3 Temmuz 2022 Pazar

3 Temmuz Pazar

 Poyraz sert esiyordu bugün, hissedilen sıcaklığa epey faydası odu, serinlik hissi verdi.

* Sabah kitap kulübümüz vardı, Mayıs'takini kaçırmıştım, Haziran'daki bir hafta ertelendi, böylece bugün sezonun son toplantısını yapmış olduk.
Okuduğumuz kitap -daha önce söz etmiştim- John Banville'in 2005'de Man Booker ödülü alan "Deniz" isimli kitabıydı. Edebiyat doktoralı arkadaşımızın verdiği ve kitabı anlamamıza yardımcı olan  bilgiyi aktarayım:
"Banville, sanatlararasılık söylemini yazıda geliştiren bir yazar. Bu kitabında kitabın kahramanı Max'ın yıllardır üzerinde çalışıp hakkında bir kitap yazmaya uğraştığı ressam P. Bonnard'ın resimleriyle kendi yazısı arasında bir ilişki kuruyor. Post-empresyonist bir ressam olan Bonnard'ın resimlerindeki ruhu kendi yazısında canlandırıyor.
Kitabın parçalı gibi duran yapısı, aslında sanatın da yaşamı oluşturan anıları hatırlama biçimimizle ilgili.. Ayna kırıkları gibi parçaları birleştirirken, bir taraftan da Banville ve Bonnard 'ın sanat tarzına ulaşıyoruz. Her kitapta olduğu gibi Banville' de de temel soru, " insan, kendisini ve insan, insanı anlayabilir mi?" konusu... Hatırlamalar zinciri sürerken çocuklukta yaşananlar devreye giriyor ve tablo tamamlanıyor."
Şu ressam P. Bonnard da kimmiş derseniz, o da burada. 

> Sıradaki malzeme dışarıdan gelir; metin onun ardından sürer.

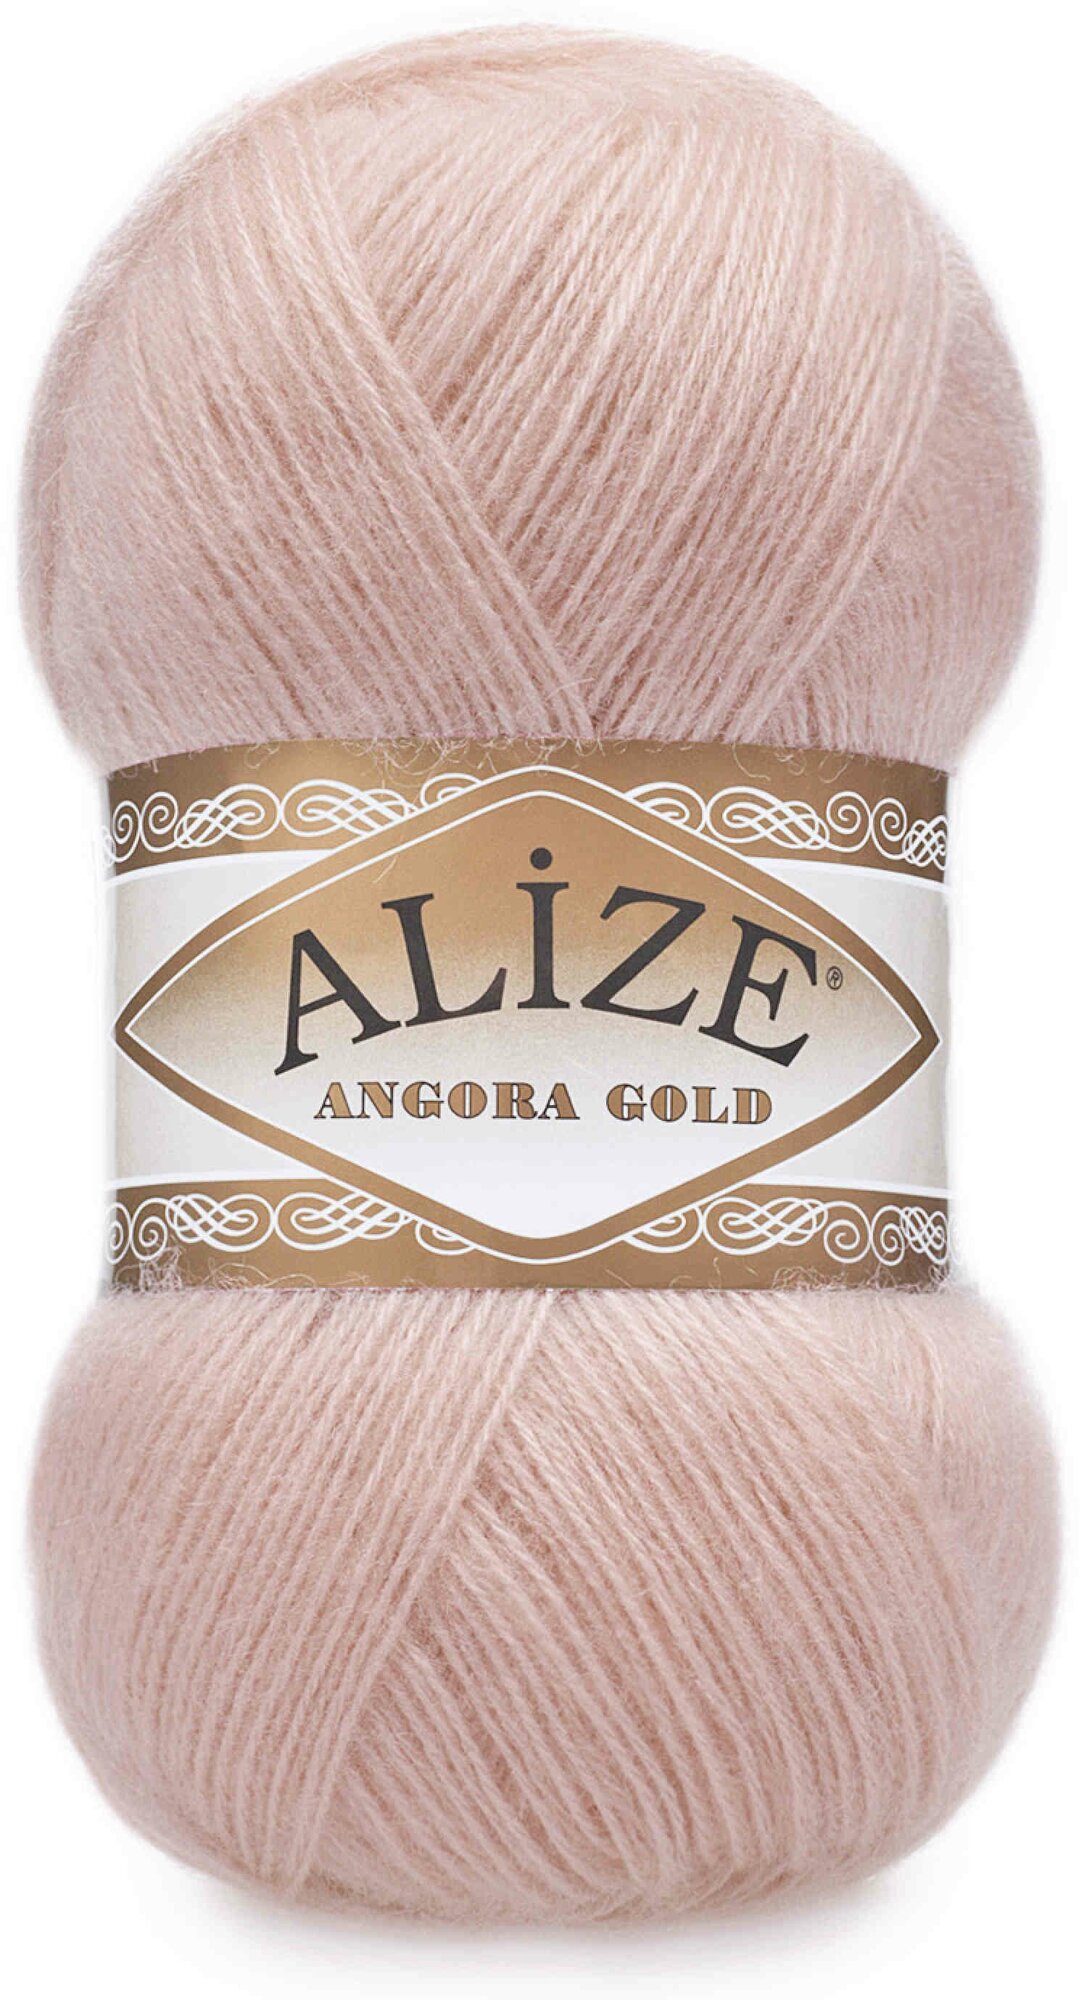 Пряжа Alize Angora Gold пудра (161), 80%акрил/20%шерсть, 550м, 100г, 1шт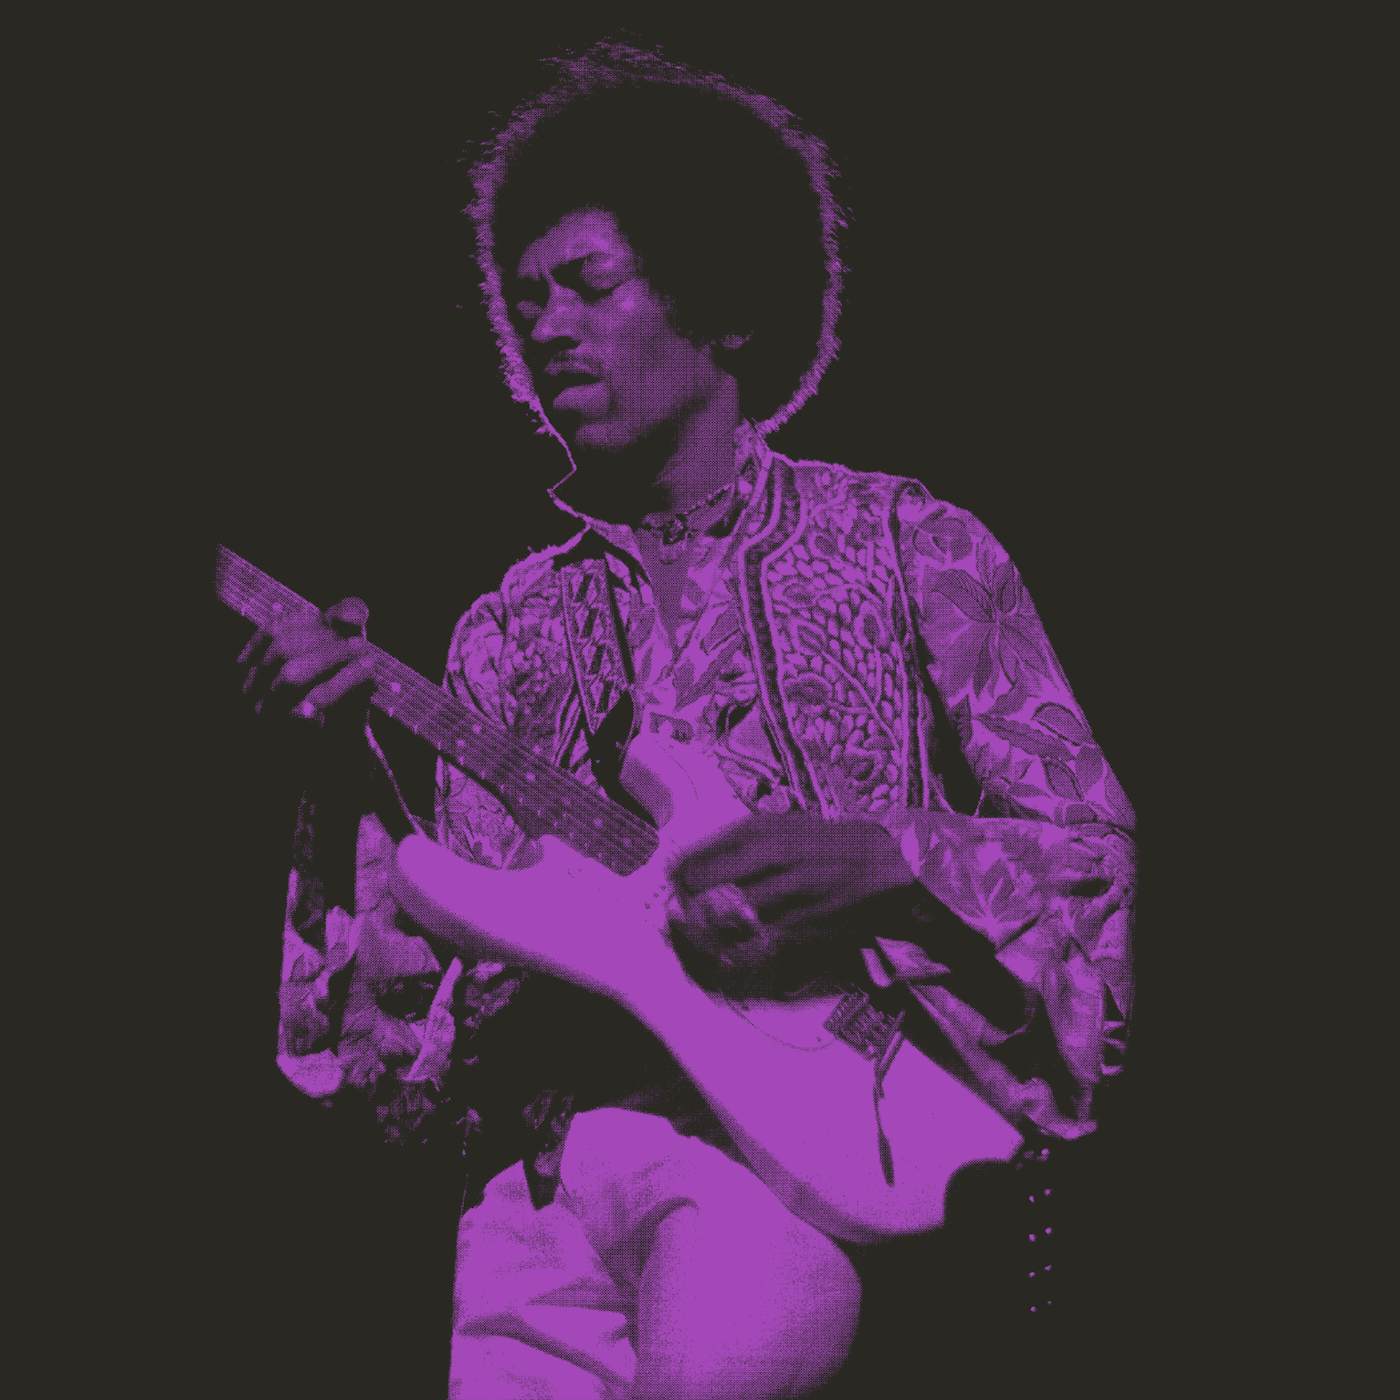 Jimi Hendrix T-Shirt | Purple Haze Jimi Hendrix Shirt

** Toplantı sona erip arkadaşlar ayrıldıktan sonra sevgili mekan sahibemiz F. Hanım'la biraz sohbet ettik. Her zaman olduğu gibi hem ufkumu açtı, hem yaptığı iltifatla günümü güzelleştirdi.
Bu notu buraya "kendim için hatırlama" vesilesi olsun diye ekledim.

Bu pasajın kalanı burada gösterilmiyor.